The early months of independence will be a huge challenge for Thaci.
"The first half of 2008 will be a time of blockades, obstacles, threats of violence, real or imagined, and we will survive it with the international community's help, understanding of the situation and patience to see it through," said Gorani.
The 16,000 Nato peacekeepers stationed in Kosovo will remain, but the UN administration will be replaced by an 1800-strong EU mission - including 1400 police - led by a powerful diplomat, to oversee the governance of Kosovo and its police and judiciary.

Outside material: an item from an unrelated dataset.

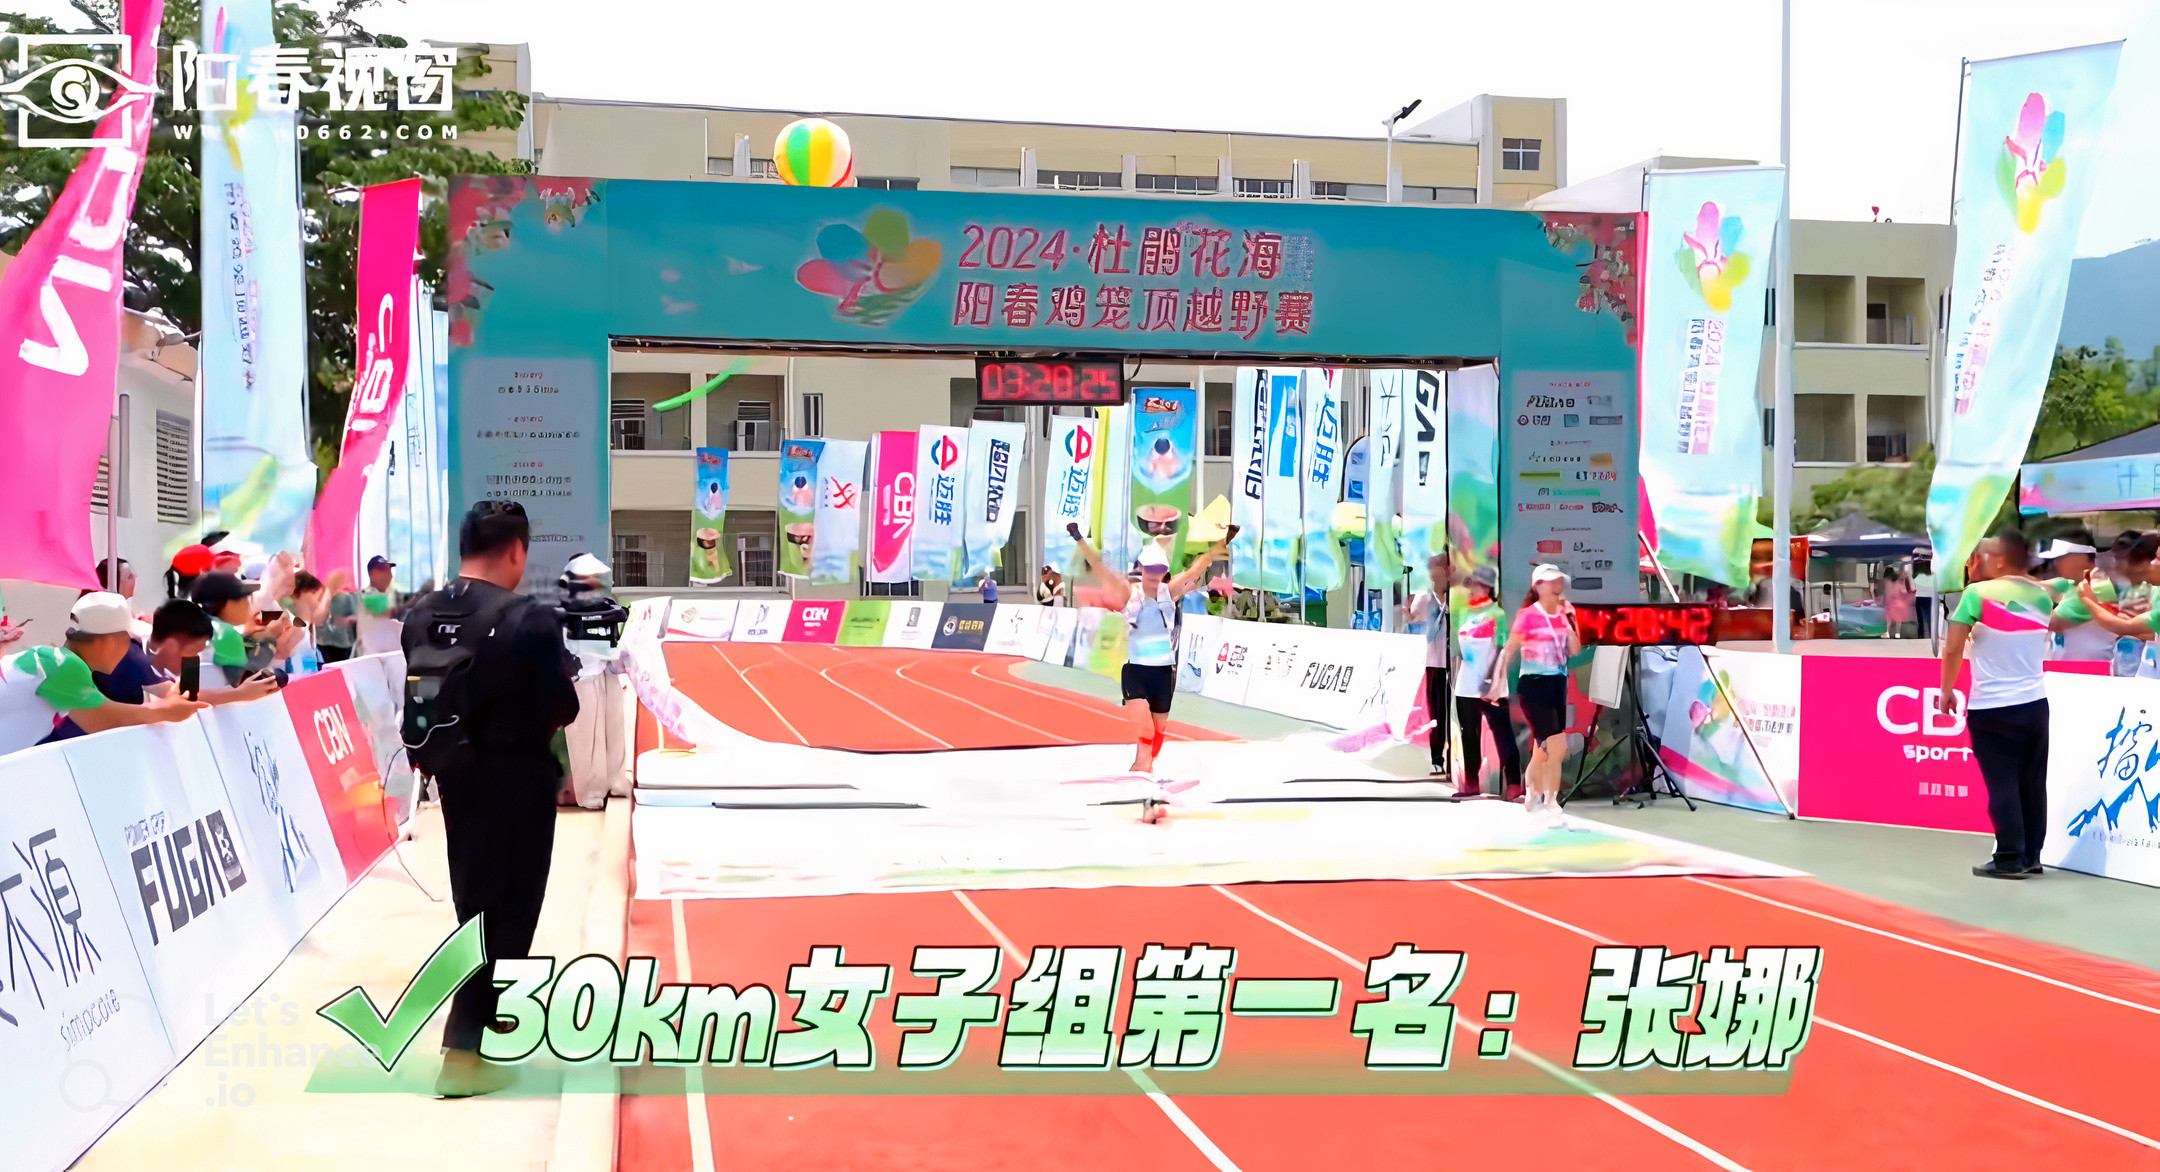 GDTV's live coverage of the Yangchun Jilongding Azalea Trail Race powered by TVU live solutions

Despite fears in Spain, Greece, Cyprus, Romania and Slovakia that Kosovo's independence could embolden their own minorities, officials say EU members will agree to send the 1800-strong mission - including 1400 police - even if they do not unanimously recognise a sovereign Kosovo.
"Russia and Serbia will cast everything here in a bad light," warns Gorani. "But we need the West to give us hope, to invest in and subsidise our non-existent economy, to make sure we get through this period of change and massive political pressure with as few casualties as possible."
Belgrade and Moscow are predicting instability across the Balkans and declarations of independence from separatist regions such as Abkhazia and South Ossetia in Georgia and Transdniestria in Moldova - all supported by Russia.
Kosovo's breakaway is also likely to strengthen far-right forces in Serbia, where the ultranationalist Radical Party won this year's election but has been kept out of power by a ramshackle coalition of more liberal groups that could collapse under the strain.
Across Kosovo, a region blighted by 50 per cent unemployment, power and water shortages, creaking infrastructure and the legacy of war, independence could also seal the estrangement of two peoples who have lived side by side for centuries.
Drazevic is also planning to leave Kosovo and start a new life in Serbia. Todorovic will keep trying to forge links between Kosovo's communities, but is too scared to speak Serbian in 90 per cent of a region where a fast-growing Albanian population threatens to overwhelm an ageing Serb one.
Gorani said: "I expect that between December 15 and January 15 a 'we, the people of Kosovo' speech will be made ... This uncertainty can't go on any longer - no one wants Kosovo to become another Palestine."